The broker’s send_message local-delivery branch uses workers.has_worker(&payload.to), which only matches an exact worker name key.

Elsewhere, inbound WS direct-target delivery supports case-insensitive matching and @name aliasing via worker_names_for_direct_target().

Root Cause / Impact

In send_message, a request like { to: "@Worker1" } or { to: "worker1" } will not be treated as a local target even if the worker exists, and will instead fall through to Relaycast forwarding (src/main.rs:1639-1664). This is inconsistent with WS-driven direct message delivery (src/main.rs:841-853 uses worker_names_for_direct_target).

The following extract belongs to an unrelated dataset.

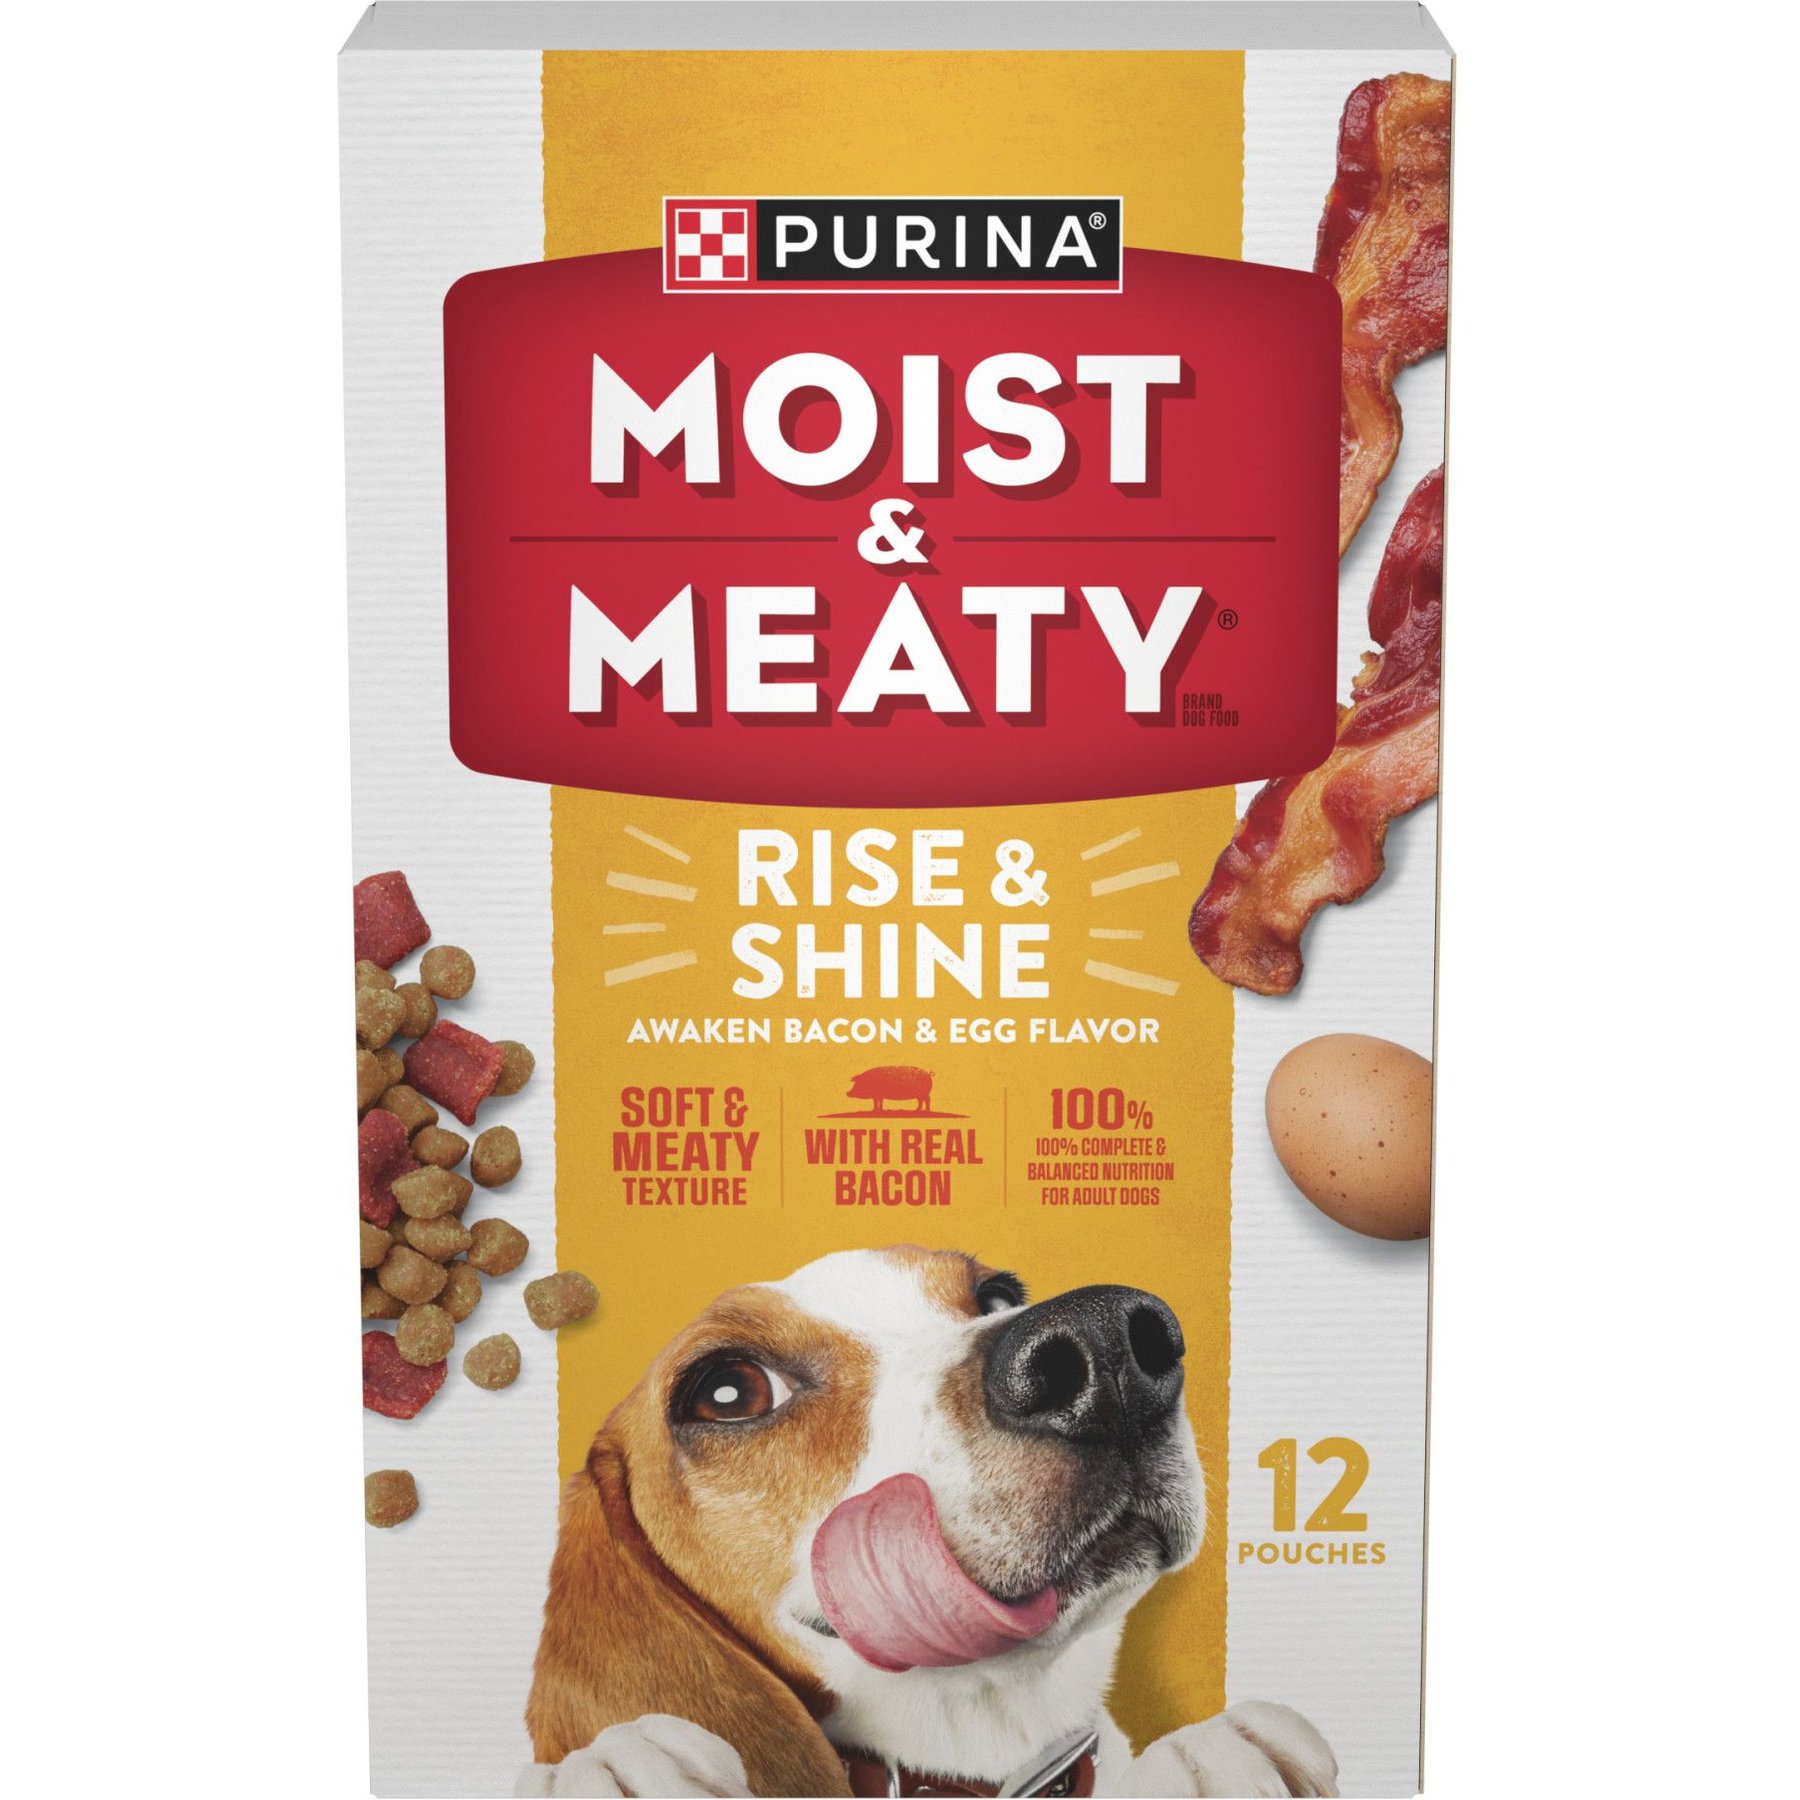 MOIST & MEATY Rise & Shine Awaken Bacon & Egg Flavor Dry Dog Food
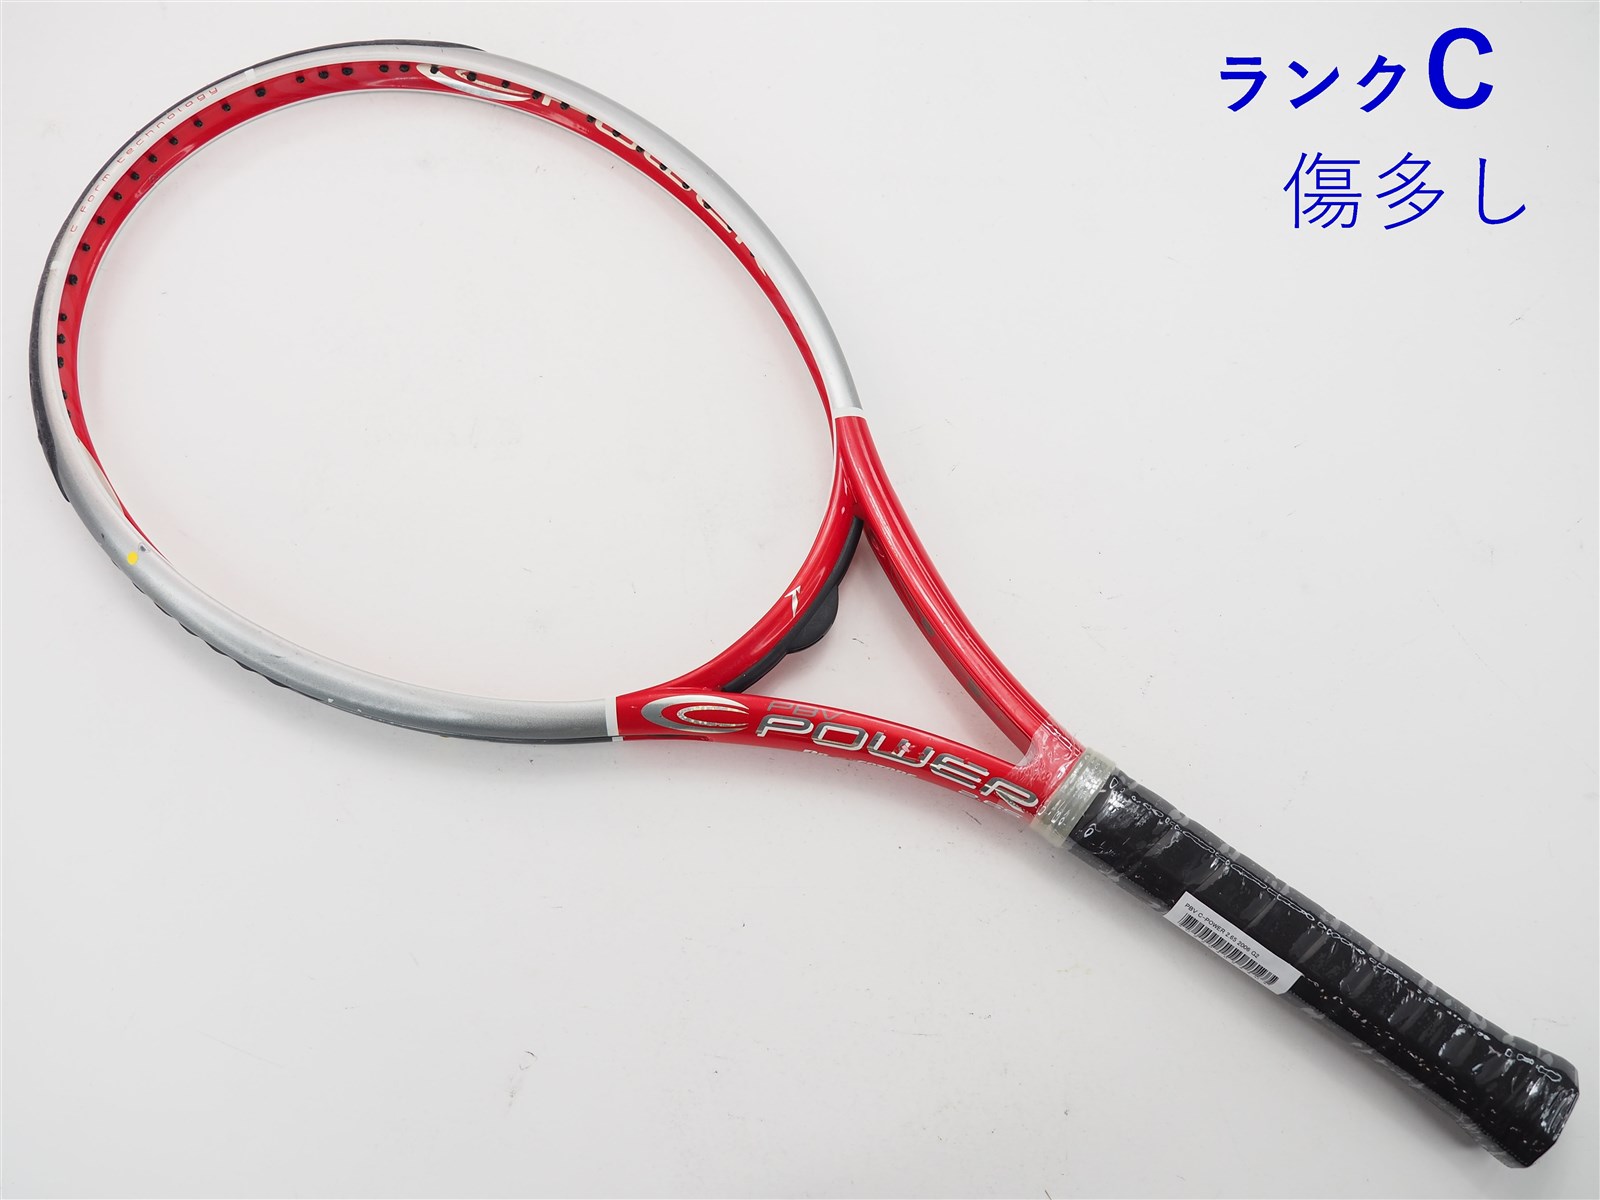 硬式テニスラケット（ブリヂストン）PBV C-POWER 2.65 - ラケット(硬式用)

Impact: local agent-to-agent messaging via the SDK becomes unexpectedly slower and/or fails if Relaycast credentials/connectivity are missing, despite the worker being local.

Prompt for agents

Make send_message resolve local targets using the same logic as WS inbound delivery. In src/main.rs:1639-1664, replace the `workers.has_worker(&payload.to)` / single-worker delivery with: - `let targets = workers.worker_names_for_direct_target(&payload.to, &from);` - if targets not empty, deliver to each target This will add support for case-insensitive matching and `@name` syntax, and aligns SDK send_message with existing WS delivery behavior.

Was this helpful? React with 👍 or 👎 to provide feedback.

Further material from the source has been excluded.